**AVAILABLE DATA:**
<<<<
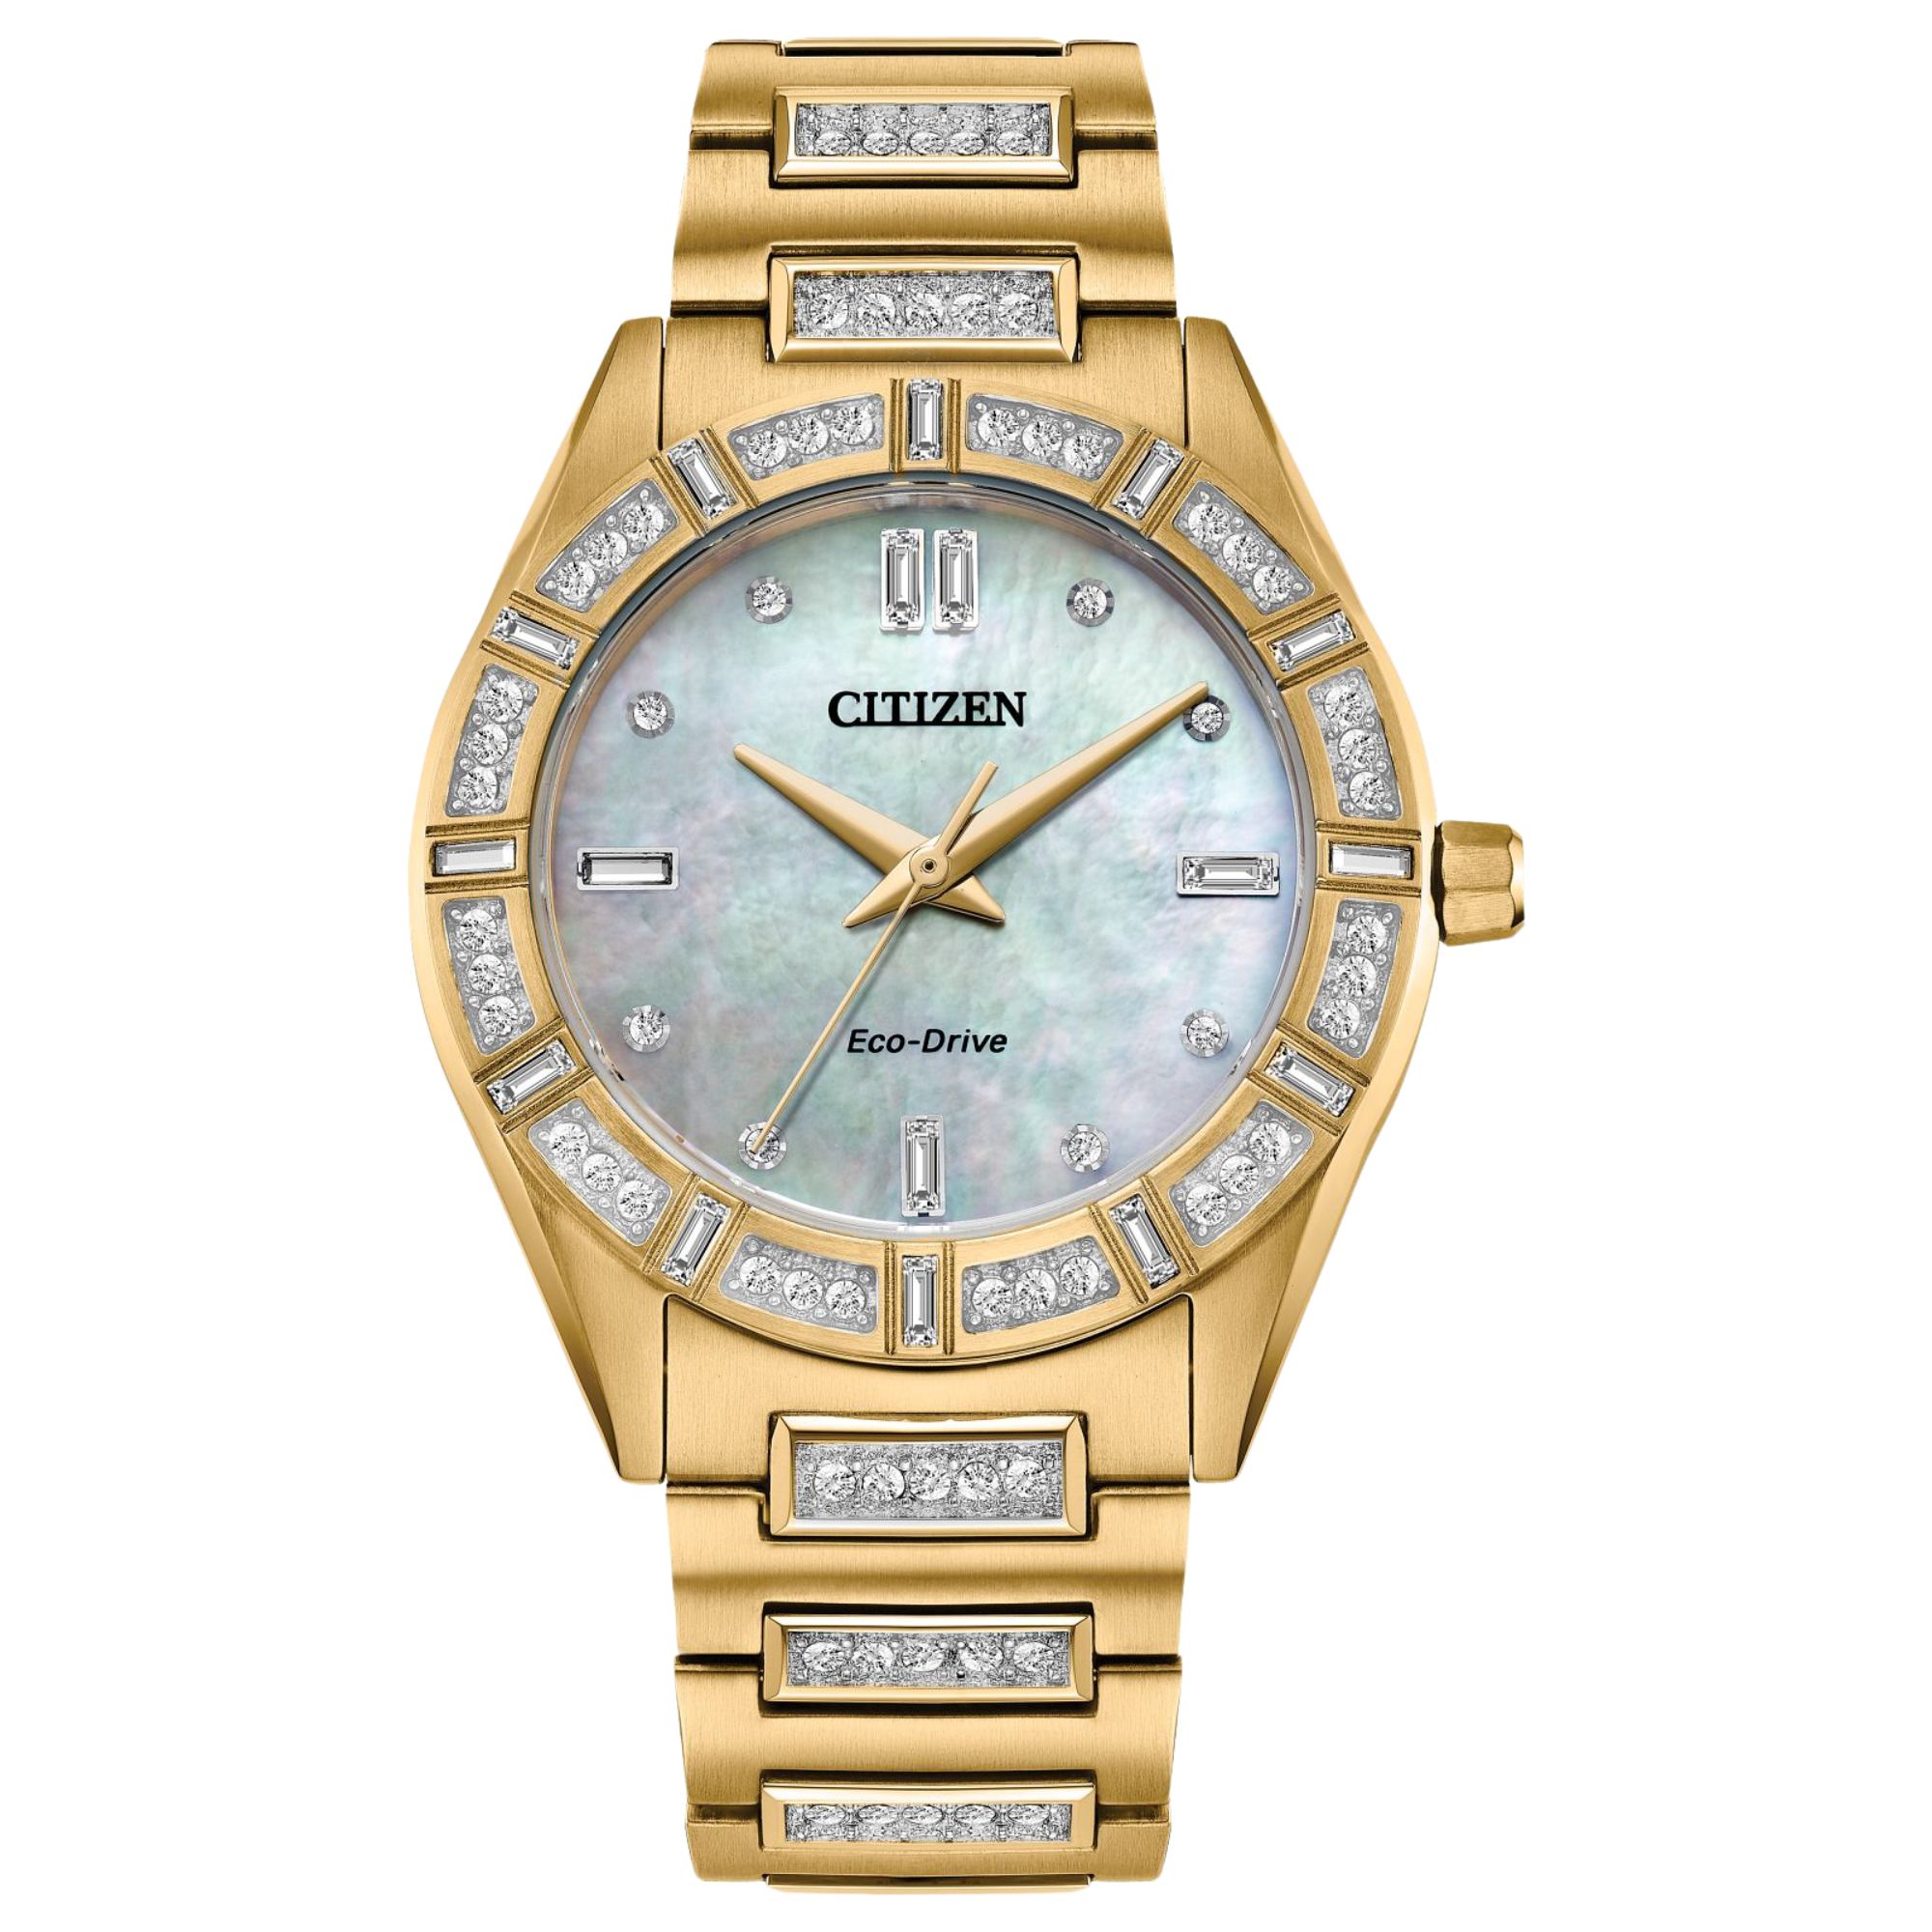 Relógio Citizen Silhouette Crystal Eco-Drive Ladies Dourado EM1022-51D
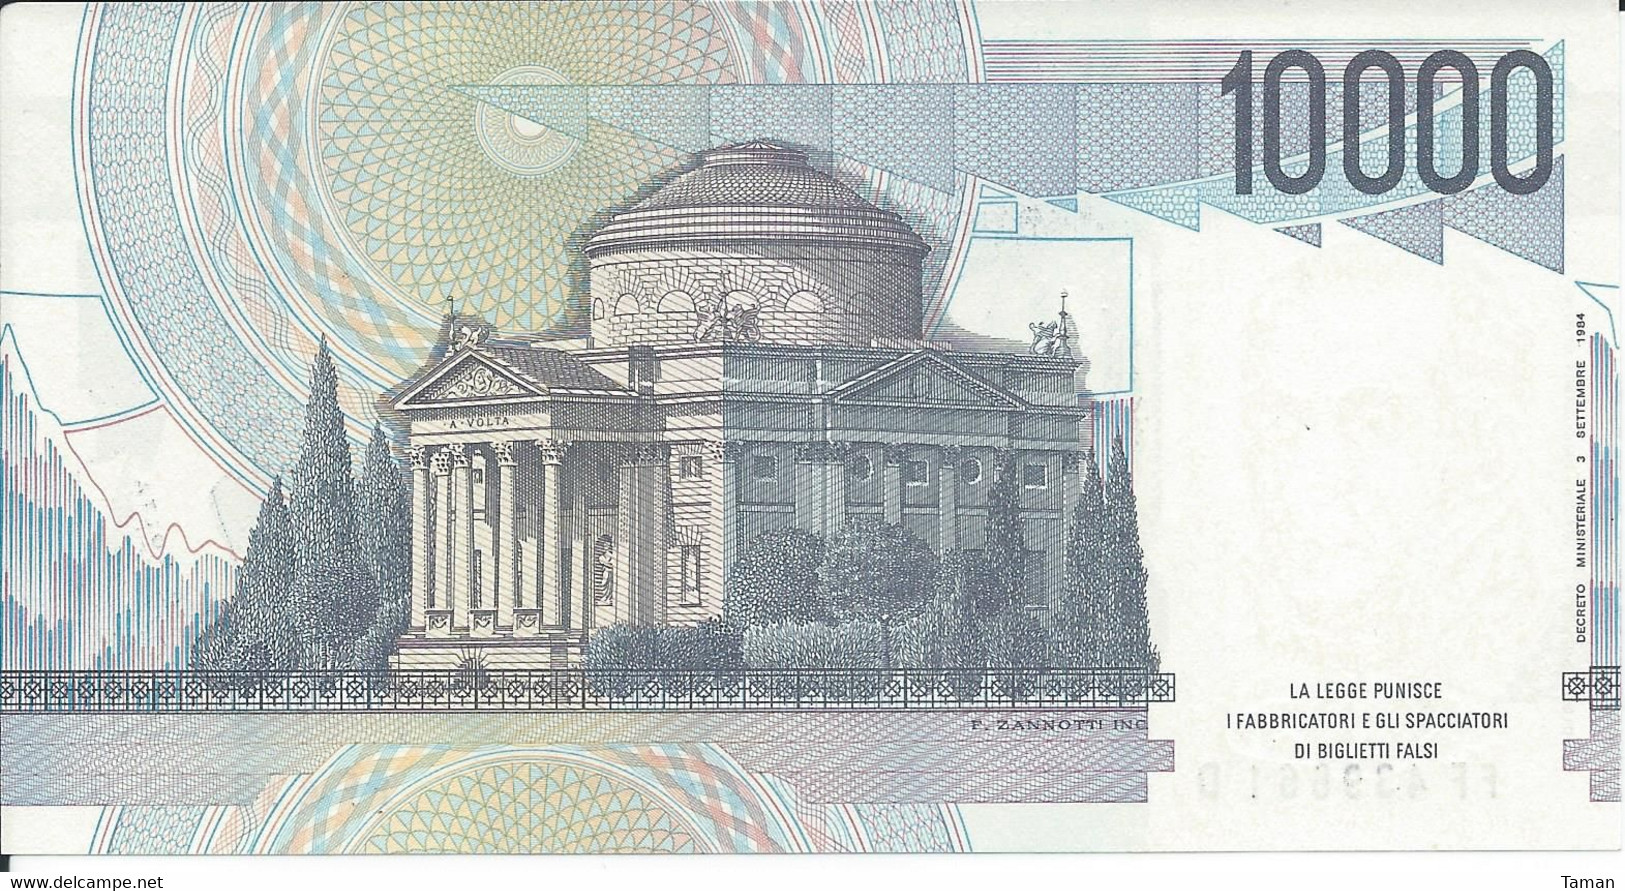 ITALIE   -   10000  Lires 1984   -- UNC --   Italia - 10.000 Lire
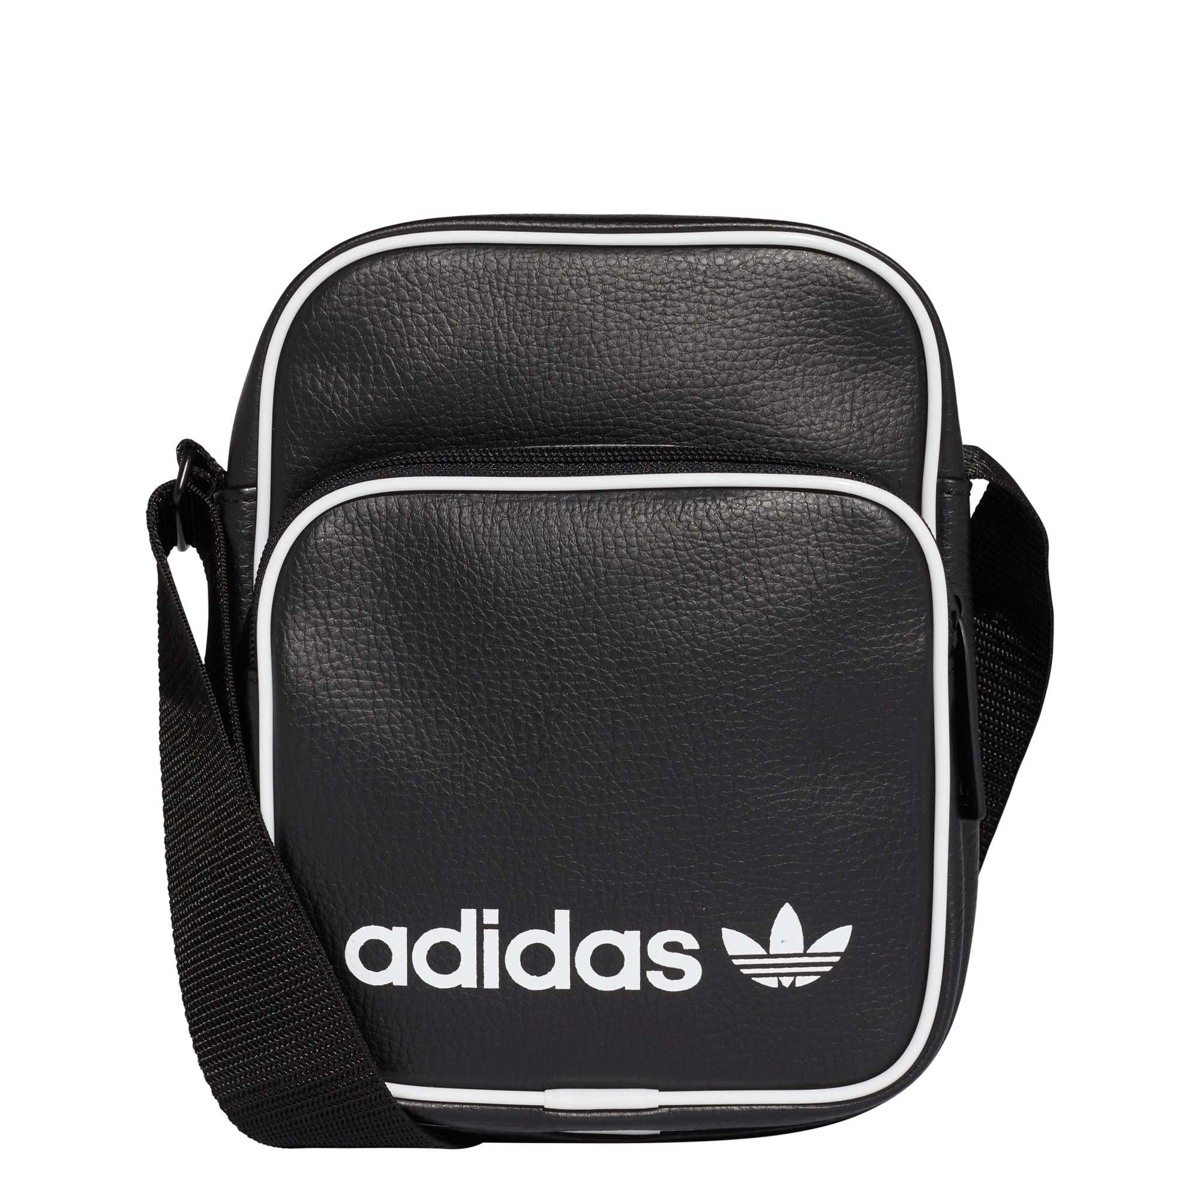 Adidas Originals Mini Bag
>>>>
**WHAT YOU NEED TO DO:**
Every line from the one with "- 10.000 Lire" through the last line of the listing above must be written out exactly, and no picture may appear.

**ANSWER SECTION:**
 ITALIE   -   10000  Lires 1984   -- UNC --   Italia - 10.000 Lire
 Adidas Originals Mini Bag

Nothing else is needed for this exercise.